For a while, the hour of oblivion spent inside of someone else seemed worth it, but now I know the truth: the darkness always comes back, no matter how many times we think we can avoid it by ignoring it. We have to work to live in the light, and even then there’s no guarantee of forever.
I’m an alcoholic, but really, I only use that label because it’s the most straightforward and people need a label to understand other people, especially those people who are different. The reality is that most addicts are more than their substance of choice – alchohol is not my weakness, it’s my escape, my crutch to lean on when I don’t want to deal with everything that’s weighing down on me. My weakness is control, fear, self-loathing, my never-ending need for more. More attention, more things, more fun, more love.

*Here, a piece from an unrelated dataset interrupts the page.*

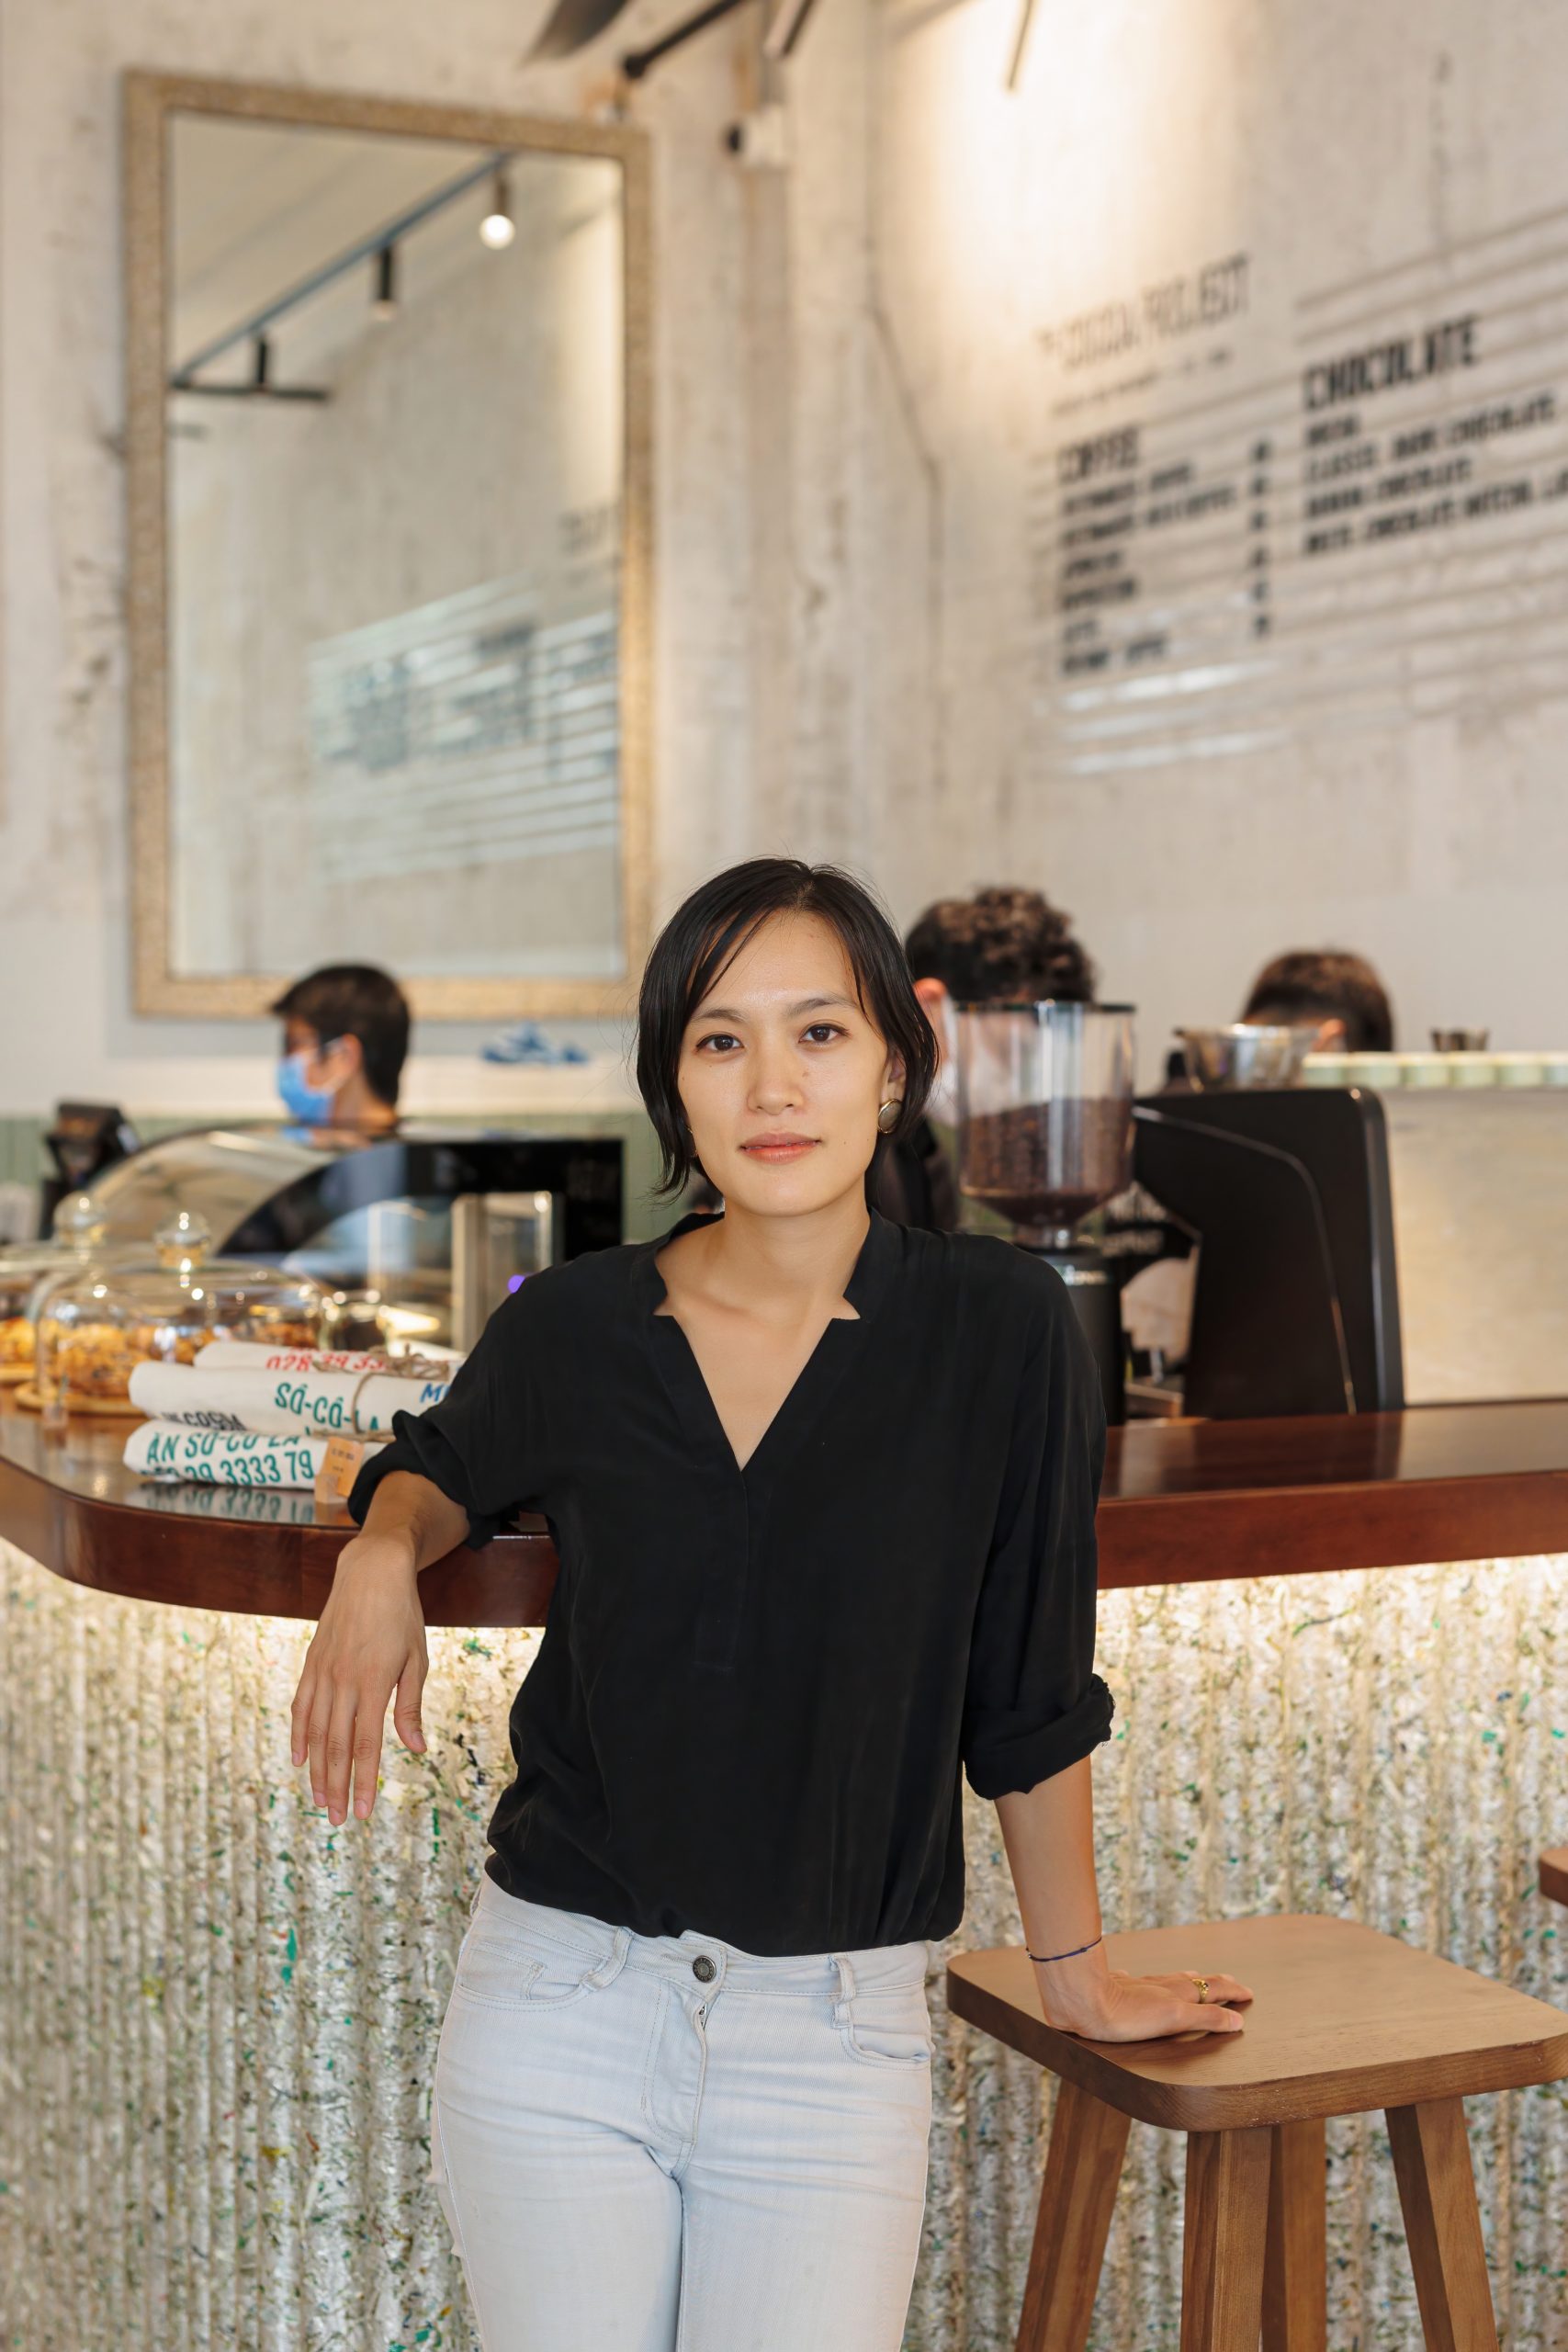 French-born Khanh-Linh Le of The Cocoa Project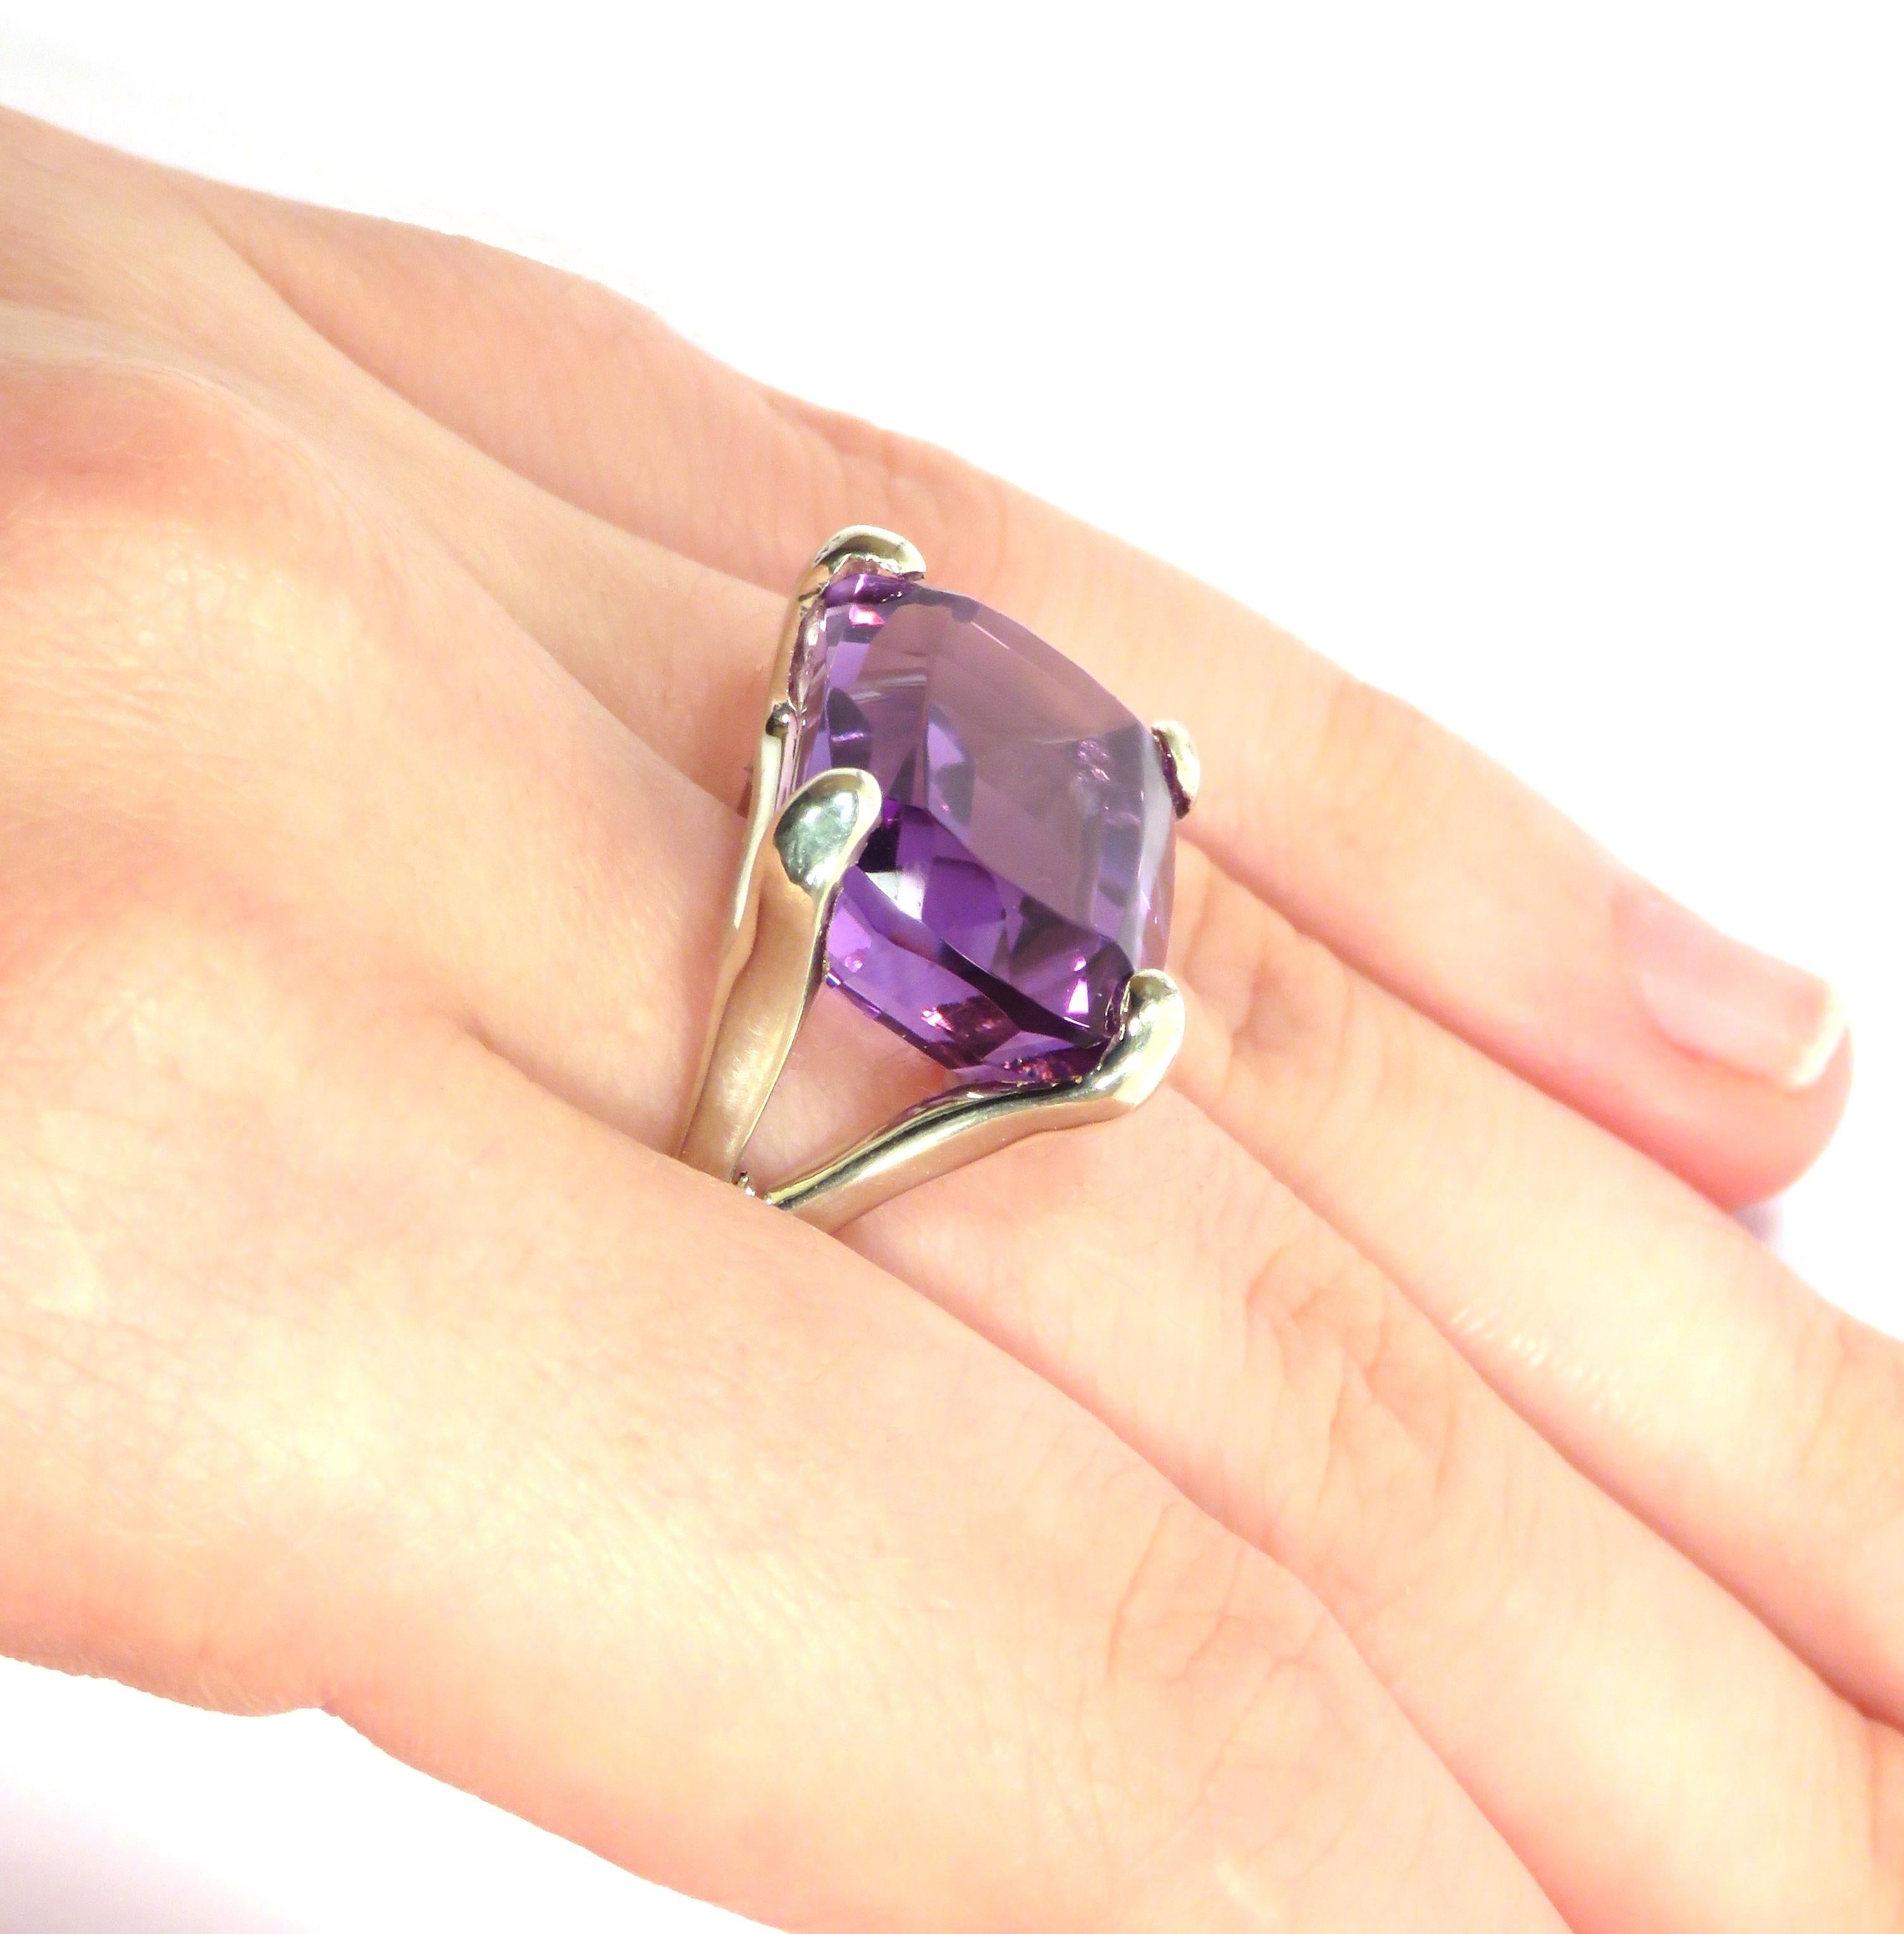 Cocktail ring in 9 karat white gold with a natural rectangle-cut amethyst. US finger size is 7 1/4, French size 55, Italian size 15, the ring can be resized to the customer's size before shipment. It is marked with the Italian Gold Mark 375 and

Unfortunately, as much as I enjoyed reading, the story and its plot lagged behind every now and then. Sometimes, the pacing became so slow I was forced to set the book down. To be honest, I think I skimmed through numerous paragraphs. Also, I’m confident that the book could have been better. Still, The Light of Day is worth reading.
Excerpt from the book:
“I get that, just as I get how scary this is for you. But you need to know one thing.” He waits until I look at him, and his eyes are blazing and serious as they bore into me. “I’ve slept with other women – some more than once, some once, some I remember, some I don’t. I’ve had one serious relationship that I thought might be forever, and then I lost everything and I didn’t think forever mattered anymore.” Now he rests his weight on his right elbow and brings his left hand up to cup my cheek. “Blue, one glance at you all those months ago showed me that I might not be able to see forever, but I definitely want to see tomorrow if you’re there.”